SilverLine Project

Why in News?

The Kerala Government has decided to denotify the proposed SilverLine semi-high-speed rail corridor that was planned by the previous Left Democratic Front (LDF) government. The government stated that although Kerala needs a modern high-speed transport system, the SilverLine project was considered environmentally damaging and financially unviable. 

What is the SilverLine Project?

SilverLine was a proposed semi-high-speed rail corridor intended to connect the southern capital city of Thiruvananthapuram with Kasaragod in northern Kerala.

The project aimed to:

  • Reduce travel time between the two cities from nearly 12 hours to about 4 hours.
  • Improve connectivity across Kerala.
  • Provide faster and efficient passenger transport.

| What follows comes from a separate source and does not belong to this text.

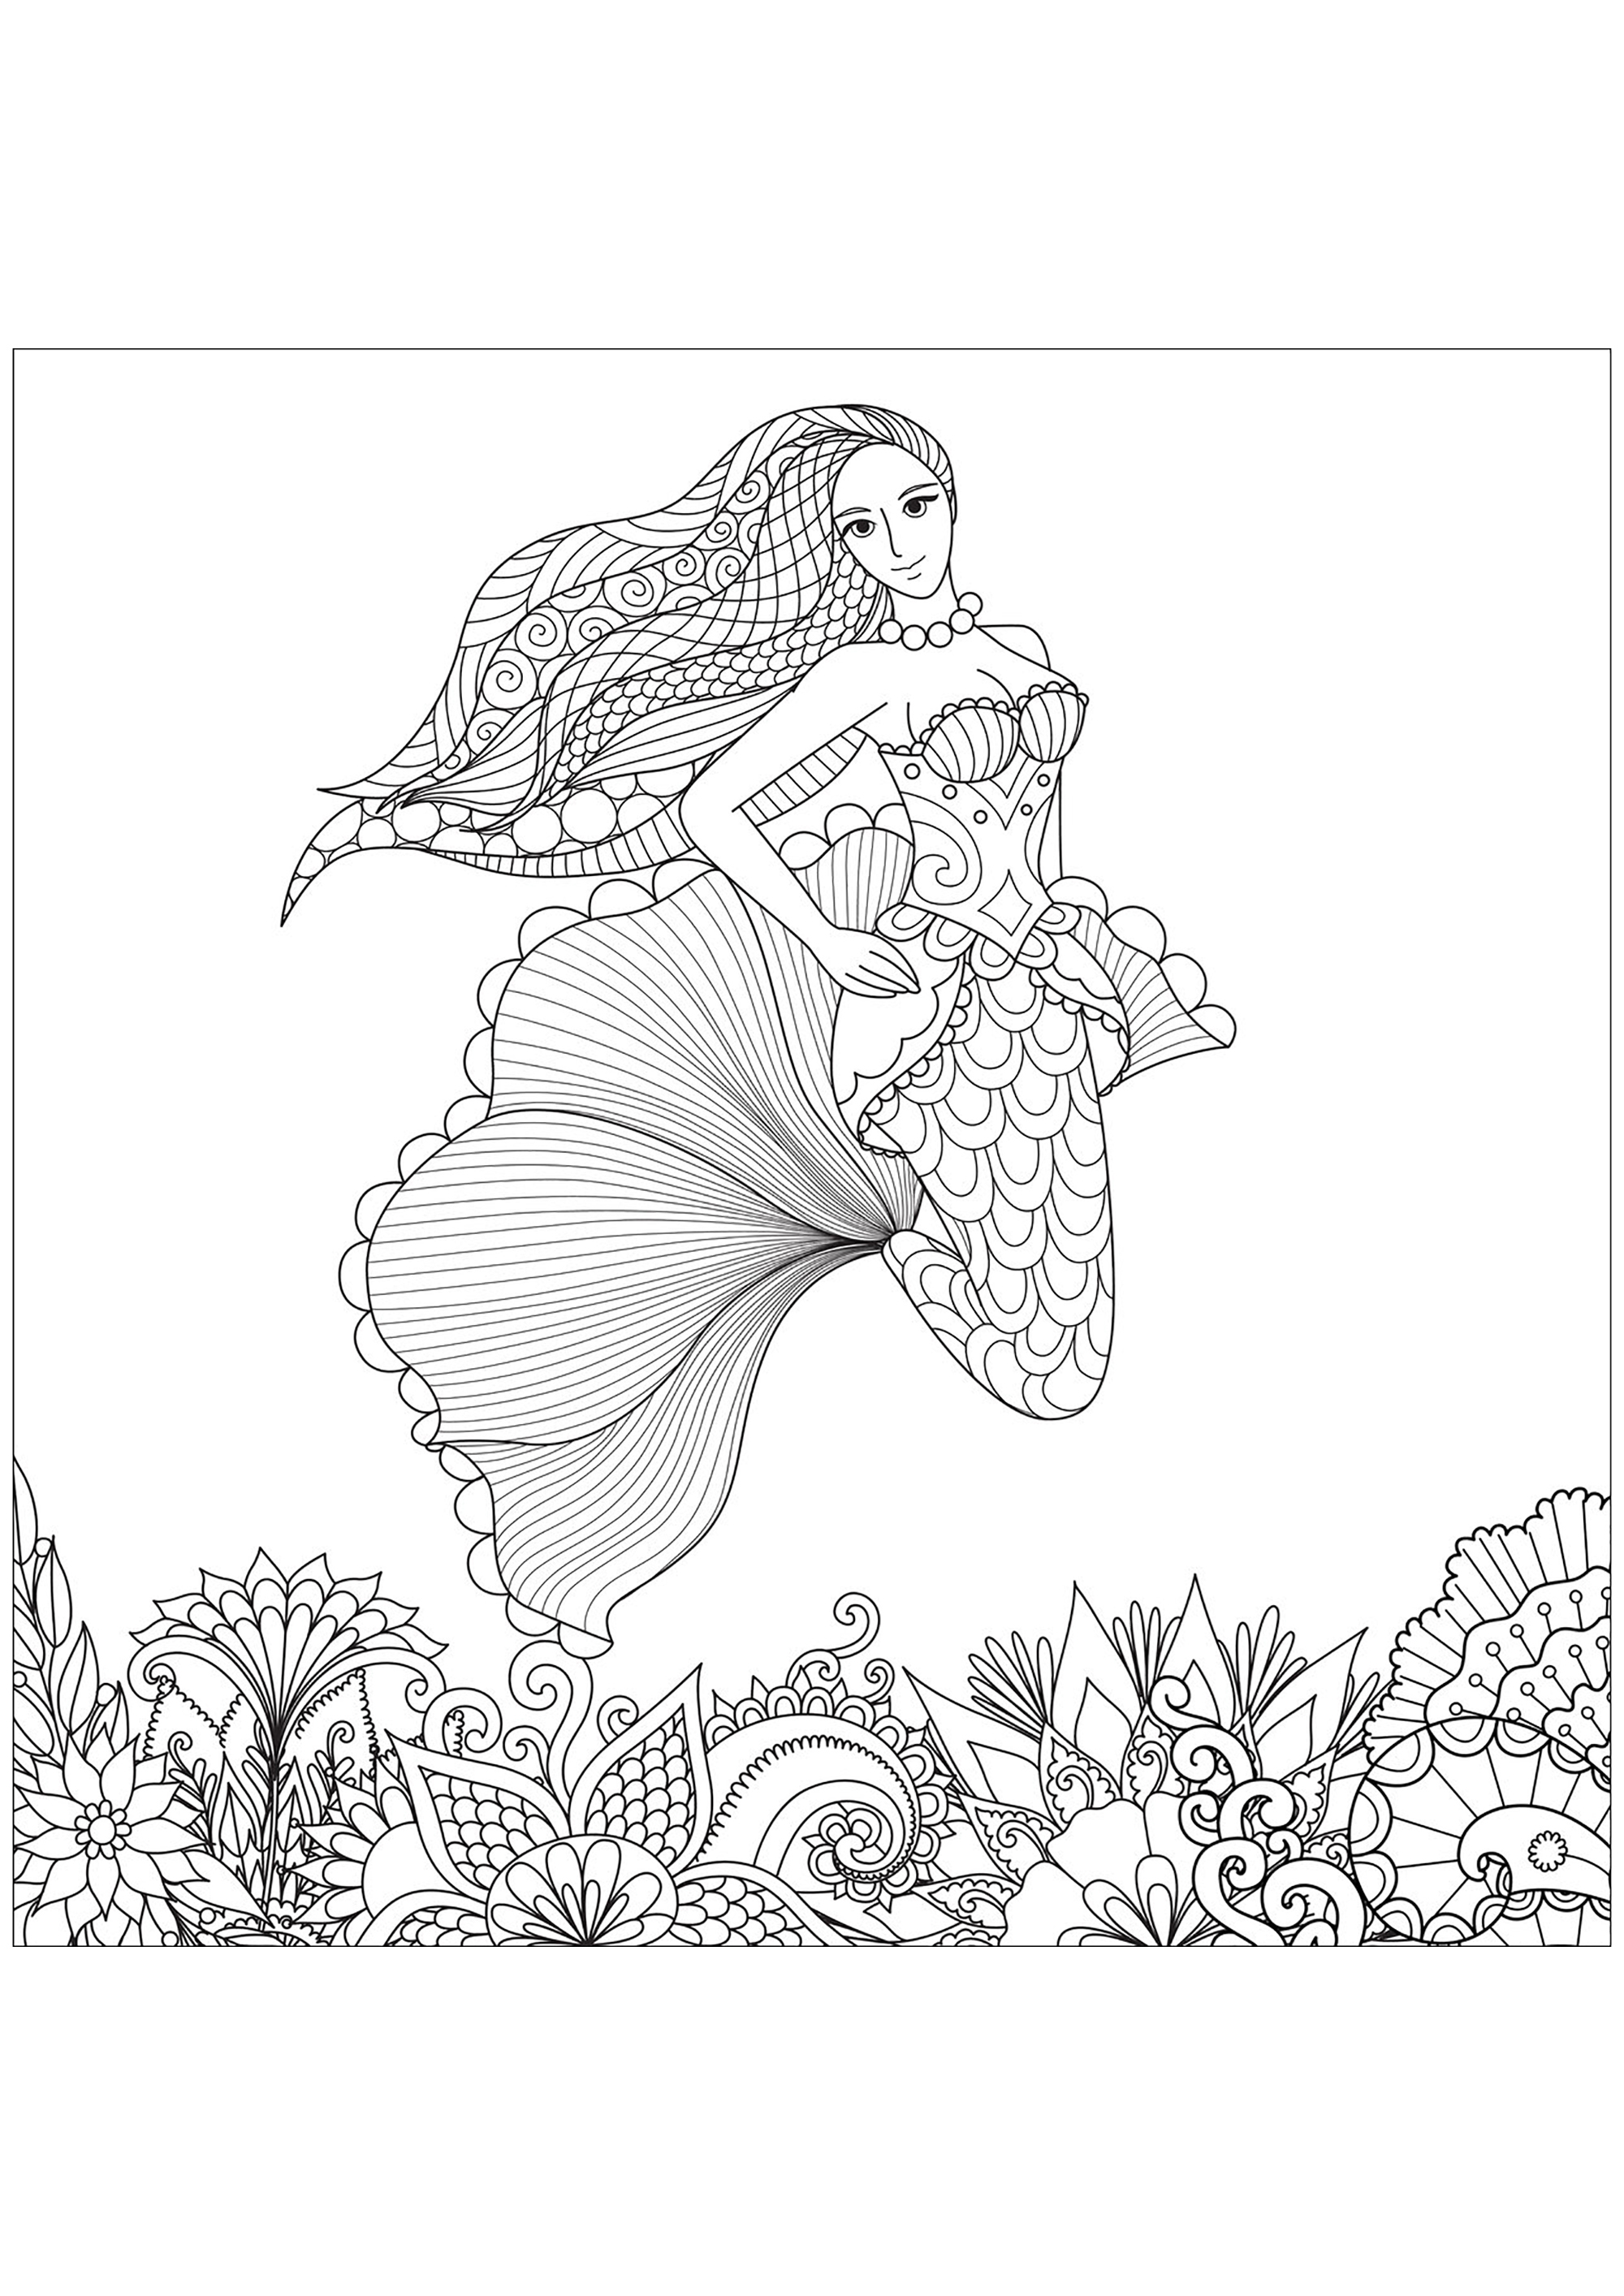 Hübsche Meerjungfrau mit schönen Mustern im Haar und mit Zentangles gezeichnetem Meeresboden, Quelle : 123rf   Künstler : Bimdeedee

Key Features of the Project

  • The estimated cost of the project was around ₹64,000 crore.
  • The rail corridor was planned over a length of approximately 530 km.
  • It was designed as a standard-gauge semi-high-speed rail line.
  • The alignment was proposed to run mostly parallel to the existing railway corridor.
  • Much of the line was planned on earthen embankments.
  • The project intended to support faster and modern public transportation in Kerala’s densely populated corridor.

Implementing Agency

The project was to be implemented by K-Rail or Kerala Rail Development Corporation Ltd.

About K-Rail

  • K-Rail is a joint venture between:
    • Government of Kerala (51% share)
    • Indian Railways (49% share)
  • It was created specifically to develop railway infrastructure in Kerala.

Background

  • In 2021, the Kerala Cabinet approved the SilverLine project.
  • The Kerala Infrastructure Investment Fund Board (KIIFB) provided a token allocation of ₹2,000 crore.
  • The project generated widespread public debate and protests over:
    • Land acquisition
    • Environmental concerns
    • Rehabilitation issues
    • Financial burden on the state

Why Was the Project Opposed?

Critics argued that the project:

  • Could damage Kerala’s fragile ecology and wetlands.
  • Required large-scale land acquisition in densely populated areas.
  • Was financially expensive for a debt-stressed state.
  • Might not generate sufficient economic returns to justify costs.

The present government termed it an “environmental disaster” and “financially unviable”.